_Task brief_
Only a verbatim restatement of the lines from the one with "Nourriture santé pour" through the end of the listing below is wanted. Pictures should be left out.

_Recorded information_

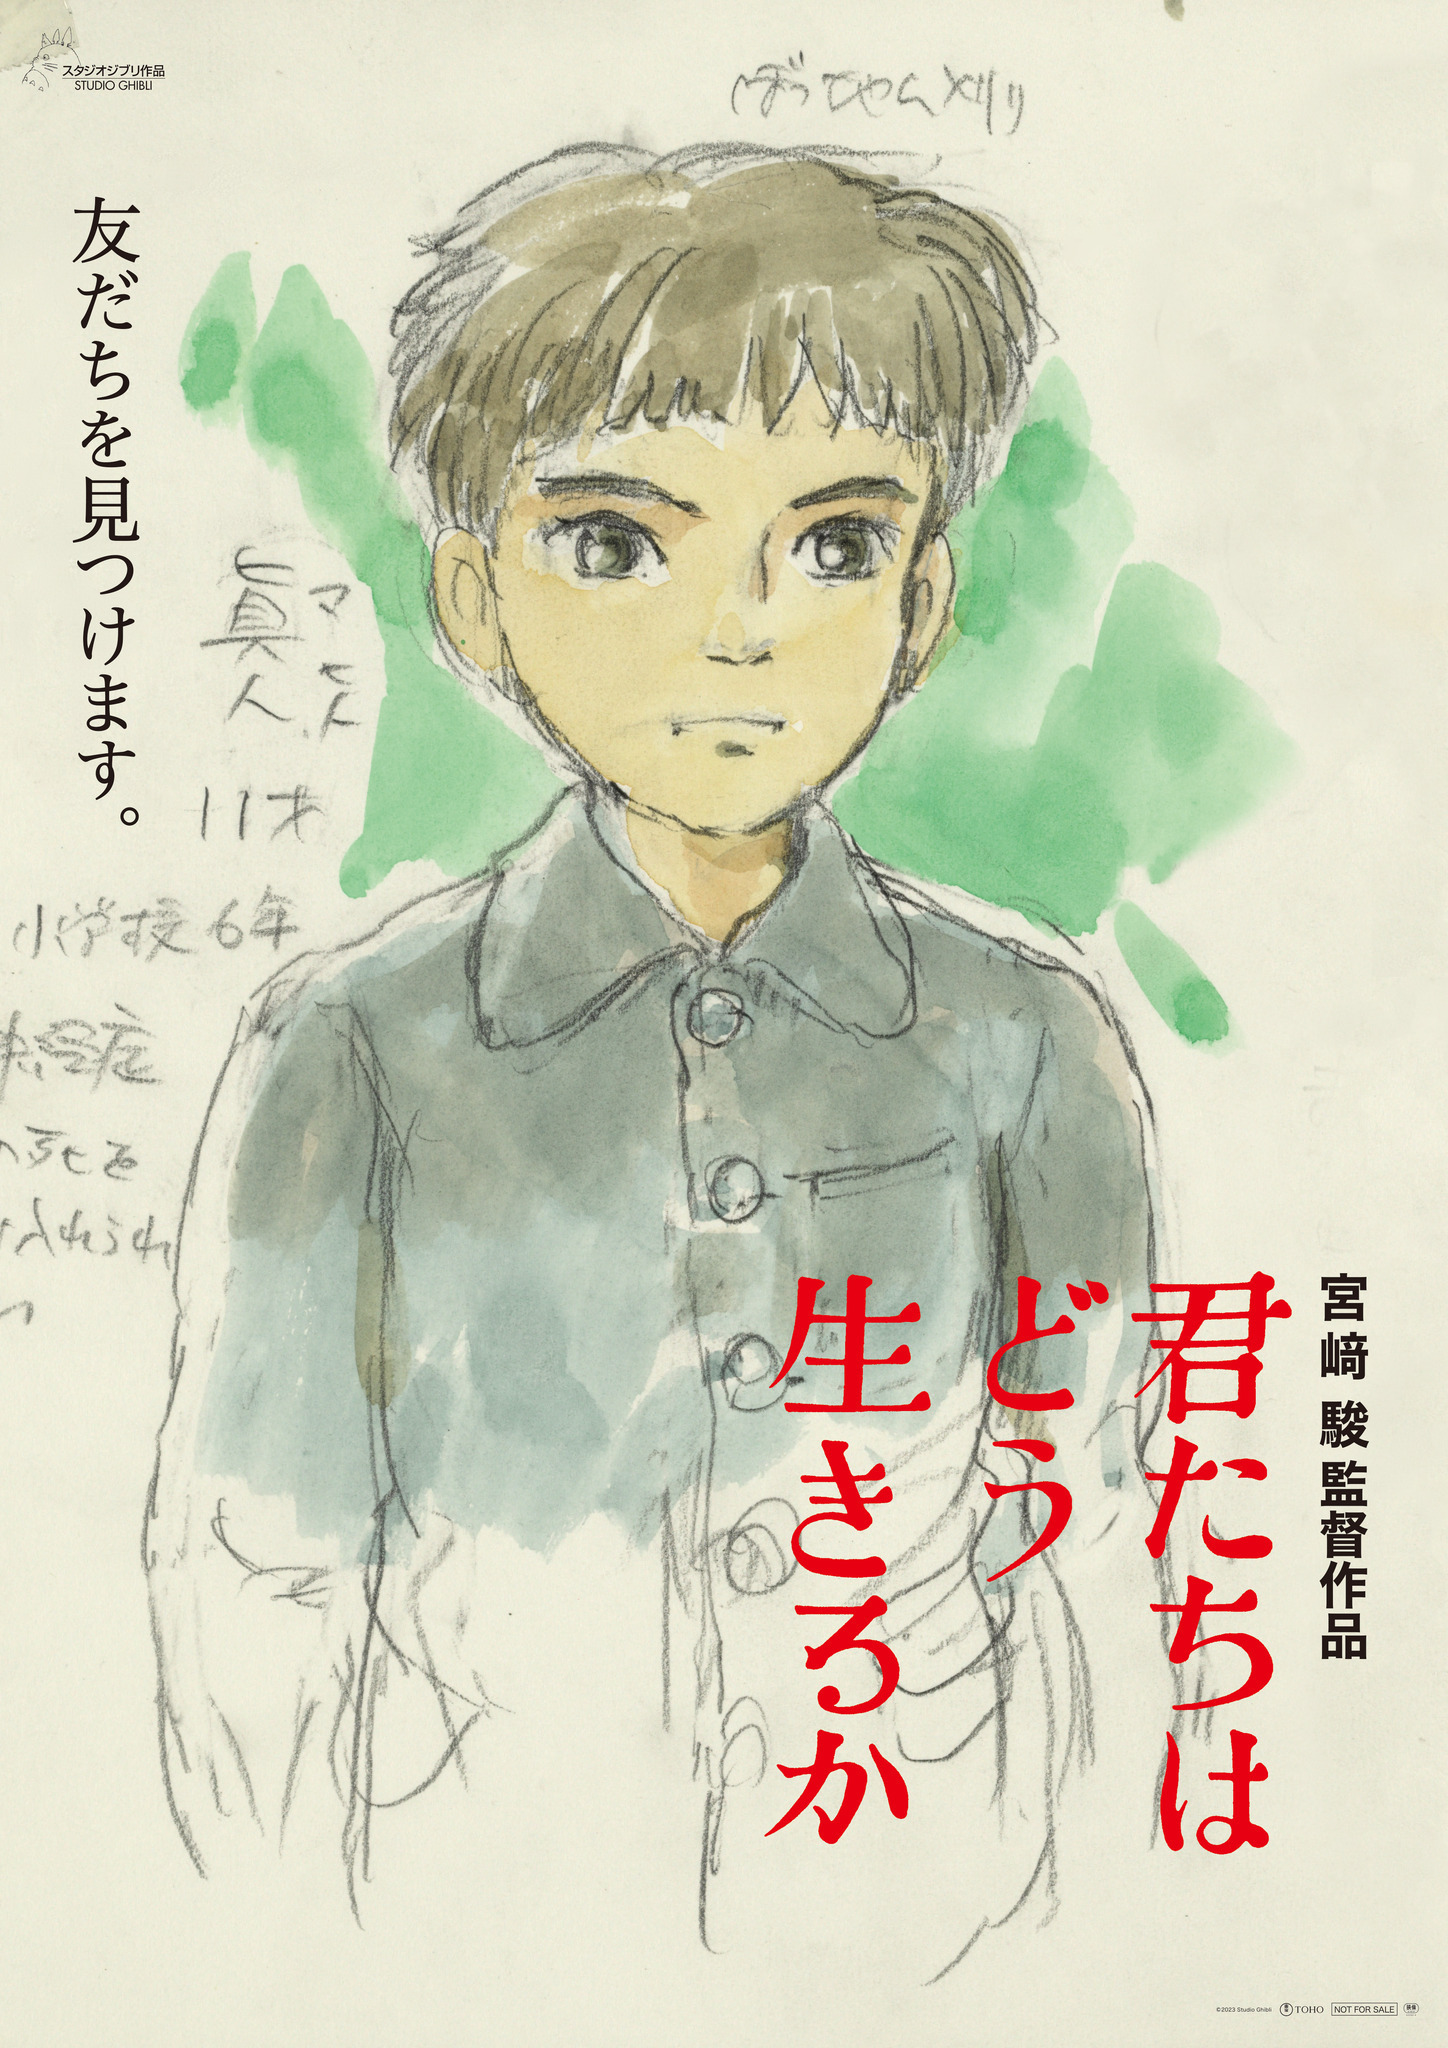 スタジオジブリ「君たちはどう生きるか」宮崎駿監督直筆のイメージ
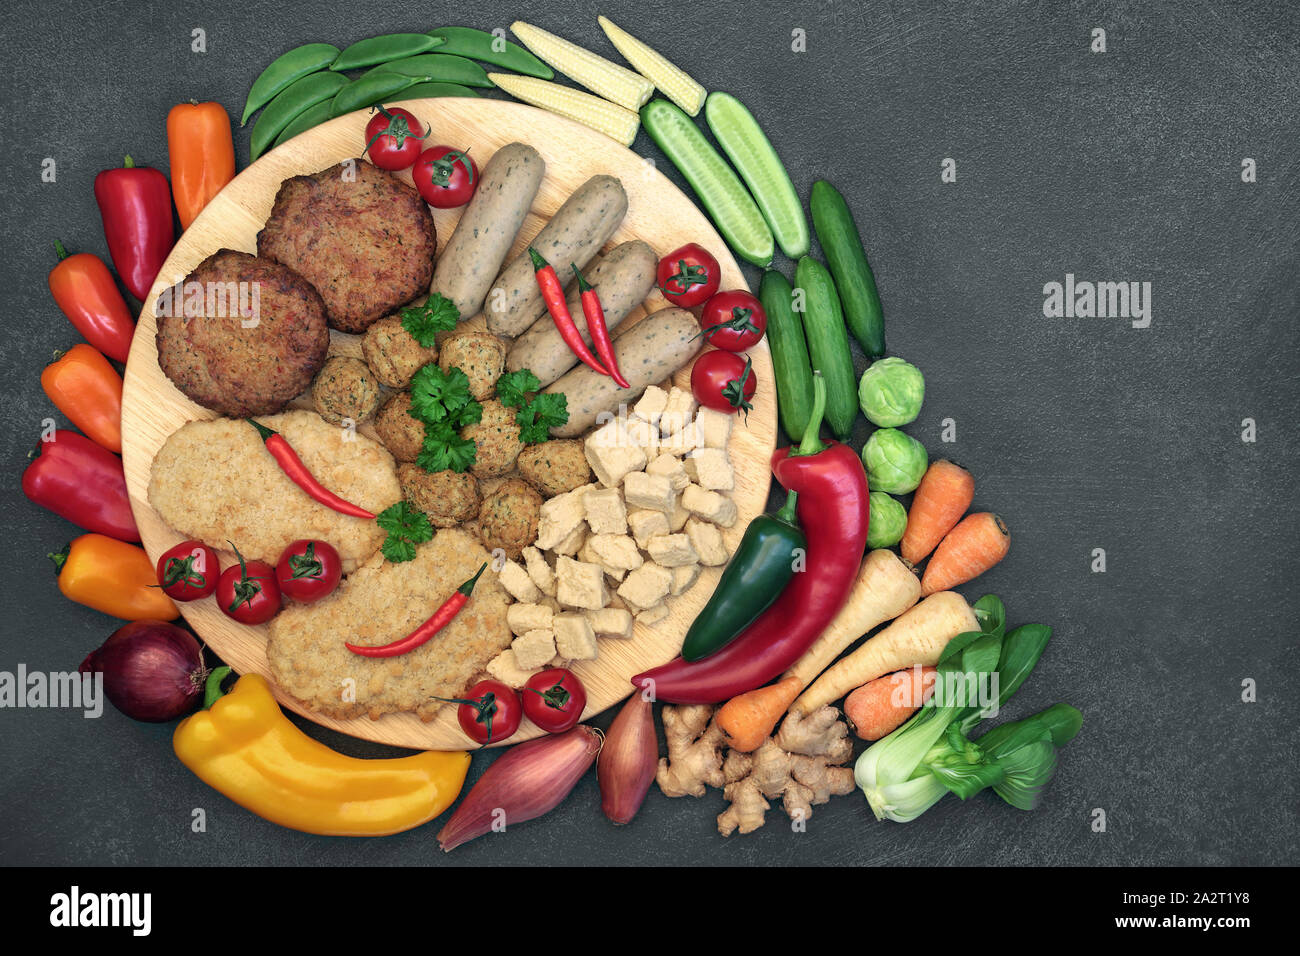 Nourriture santé pour végétaliens mangent avec éthique quorn sélection les substituts de viande riche en protéines et les fruits et légumes. Banque D'Images
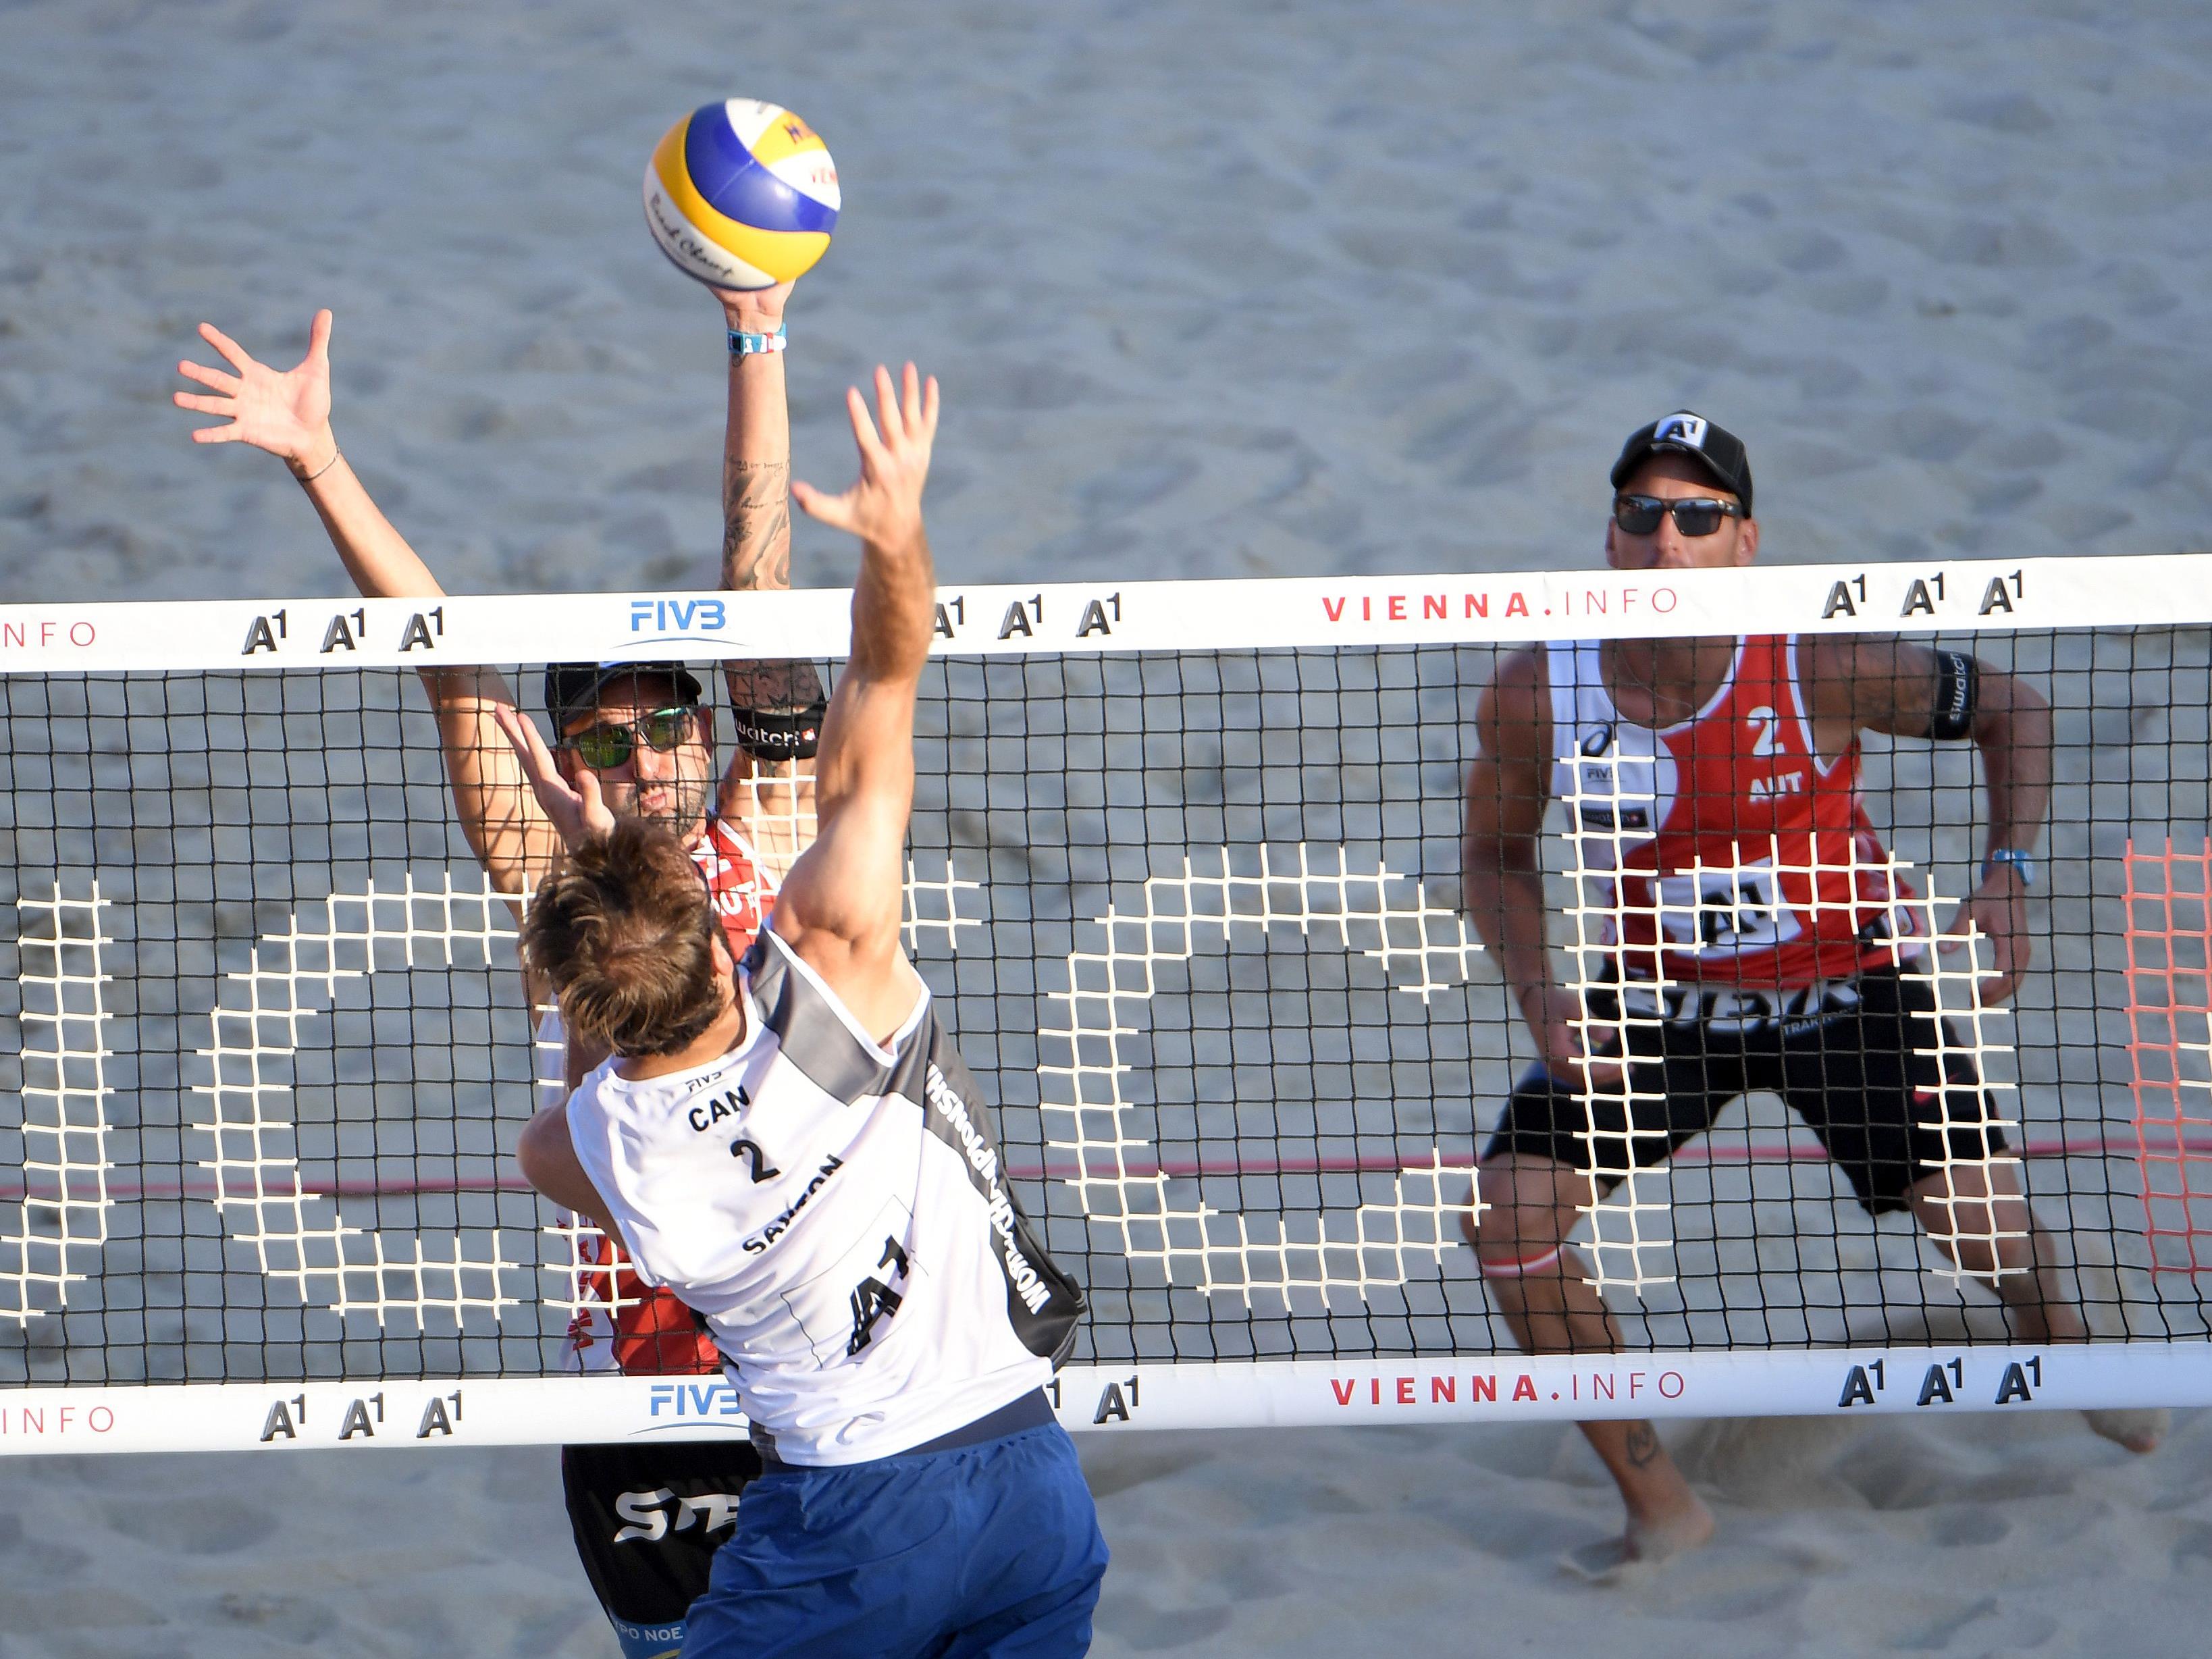 Doppler/Horst mussten am Dienstag ihre erste Niederlage bei der Beach-WM in WIen einstecken.

_The completed task_
 Nourriture santé pour végétaliens mangent avec éthique quorn sélection les substituts de viande riche en protéines et les fruits et légumes. Banque D'Images
 Doppler/Horst mussten am Dienstag ihre erste Niederlage bei der Beach-WM in WIen einstecken.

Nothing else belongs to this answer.